Folha de S. Paulo


No In-Edit Brasil, cinema paga tributo a Frank Zappa usando imagens de TV

O festival In-Edit Brasil, mostra anual de documentários musicais, chega a sua oitava edição exibindo logo na abertura um filme que, de certa forma, subverte esse gênero cinematográfico.

O público está acostumado a louvar documentários que consigam mostrar cenas inéditas. Assim, exercem atração até em quem já conhece a pessoa ou o assunto retratado na tela.

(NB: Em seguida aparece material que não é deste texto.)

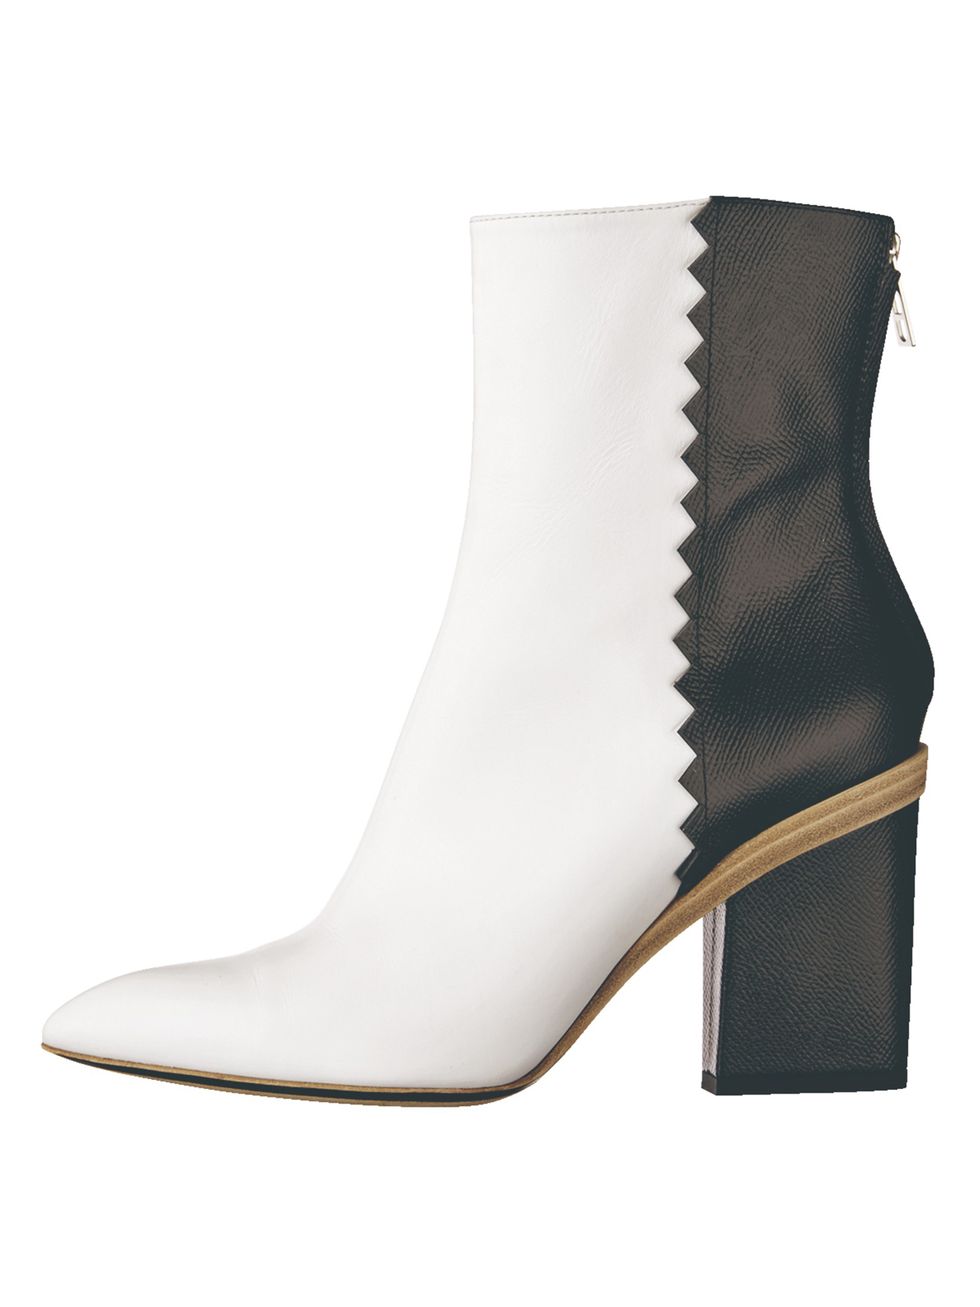 Footwear, Boot, Shoe, High heels, Beige, Leather, Durango boot,

Mas o diretor alemão Thorsten Schütte fez um filme na contramão dessa cartilha, "Eat That Question - Frank Zappa in His Own Words". Durante oito anos, ele pesquisou entrevistas de Frank Zappa para emissoras de TV no mundo todo. Com edição inteligente de trechos, construiu um perfil matador do músico americano.

Divulgação
Cena do documentário
Cena do documentário "Eat That Question - Frank Zappa in His Own Words"

O público que comparecer ao CineSesc na noite dessa quarta (outras datas de exibição do filme podem ser encontradas no site da mostra ) vai ver como Zappa mantinha sua verve ácida diante de qualquer tipo de entrevistador. Ele consegue inserir a mesma crítica mordaz participando tanto de produções intelectualizadas como de atrações de auditório cafonas e divertidas.

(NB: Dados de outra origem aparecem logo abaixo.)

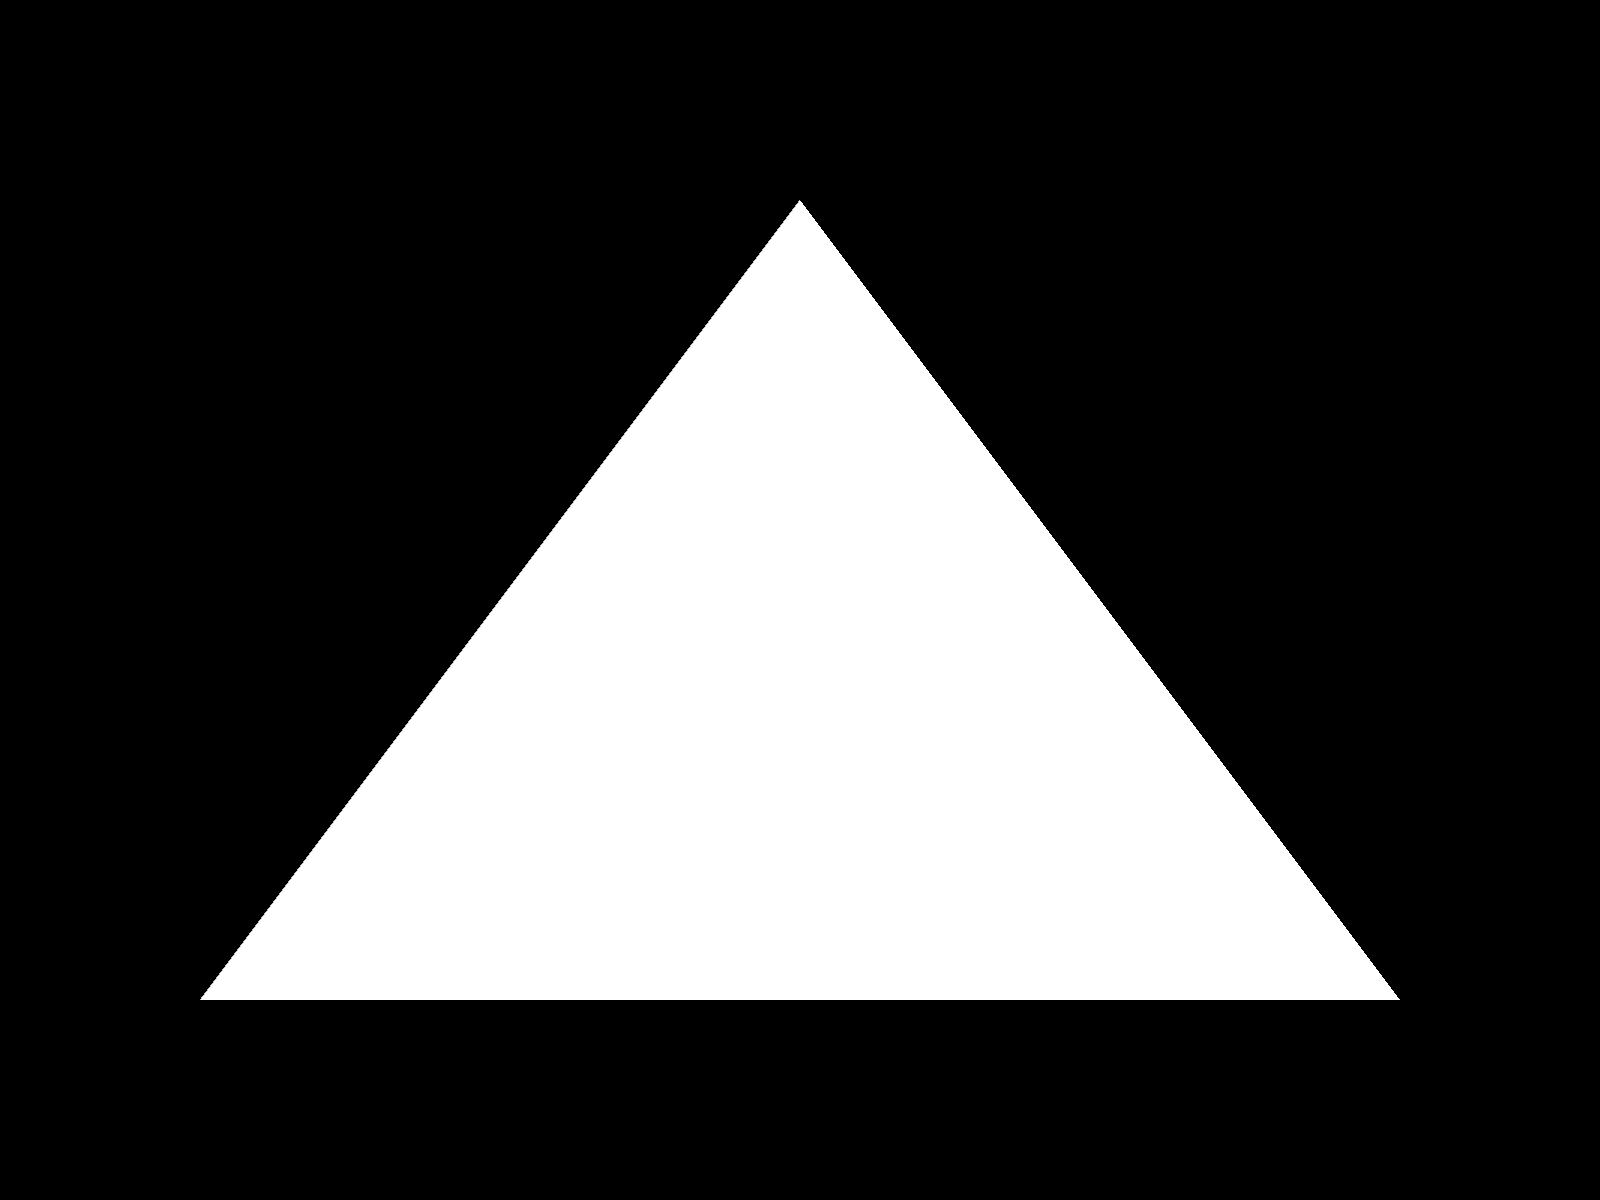 draw_triangle

Schütte diz à Folha que seu interesse por Zappa vem desde garoto, nos anos 1970, em Hamm, cidadezinha na Alemanha onde nasceu. "Ouvi uma música dele, 'Who Are the Brain Police', numa coletânea sobre música pop do selo Deutsche Grammophon, e fui fisgado na hora. Tinha 12 anos e nunca me recuperei daquele impacto inicial, aquela melodia estranha, cheia de barulho."

O diretor quis evitar o formato de documentário no qual críticos, amigos e parentes da pessoa retratada perfilam suas opiniões. A certeza de que ninguém melhor que o próprio Zappa poderia explicar sua personalidade fez Schütte assistir a centenas de horas de material.

DIDATISMO

Mesmo sem textos introdutórios, o documentário tem um tom didático. Abrange desde uma aparição televisiva "pré-histórica", com Zappa "tocando" uma bicicleta –de cabelo curto e ainda sem o bigodão que o caracterizou, ele batuca nas rodas da bicicleta–, até entrevistas mais amargas, próximas de sua morte, em 1993, aos 52 anos, de câncer na próstata.

"Quanto mais eu mergulhava nessas declarações, um Zappa diferente se tornava mais visível", conta Schütte. "O roqueiro revolucionário de músicas incendiárias dava lugar a um homem sensível e intelectual, um pensador discutindo os limites da música, da arte e da moral."

Zappa questiona em vários momentos a posição de um artista tentando seguir seu código de ética dentro de uma indústria regida pelo lucro. Entre declarações contundentes, trechos dele tocando sua mistura particular de rock, jazz e música clássica dão a trilha sonora.

Em um momento do filme, Zappa se define simplesmente como alguém que quer entreter a plateia. Schütte concorda. "Eu assisti a muitos shows dele, por 20 anos, e nunca saí desapontado. Zappa tinha muito humor."

O diretor sabe que é difícil a geração mais jovem ter interesse em Zappa. "Talvez o maior legado dele seja a conexão de sua vida e sua música com questões existenciais com as quais lidamos o tempo todo. Se algum jovem for fisgado por isso, como eu fui, tudo vai valer a pena."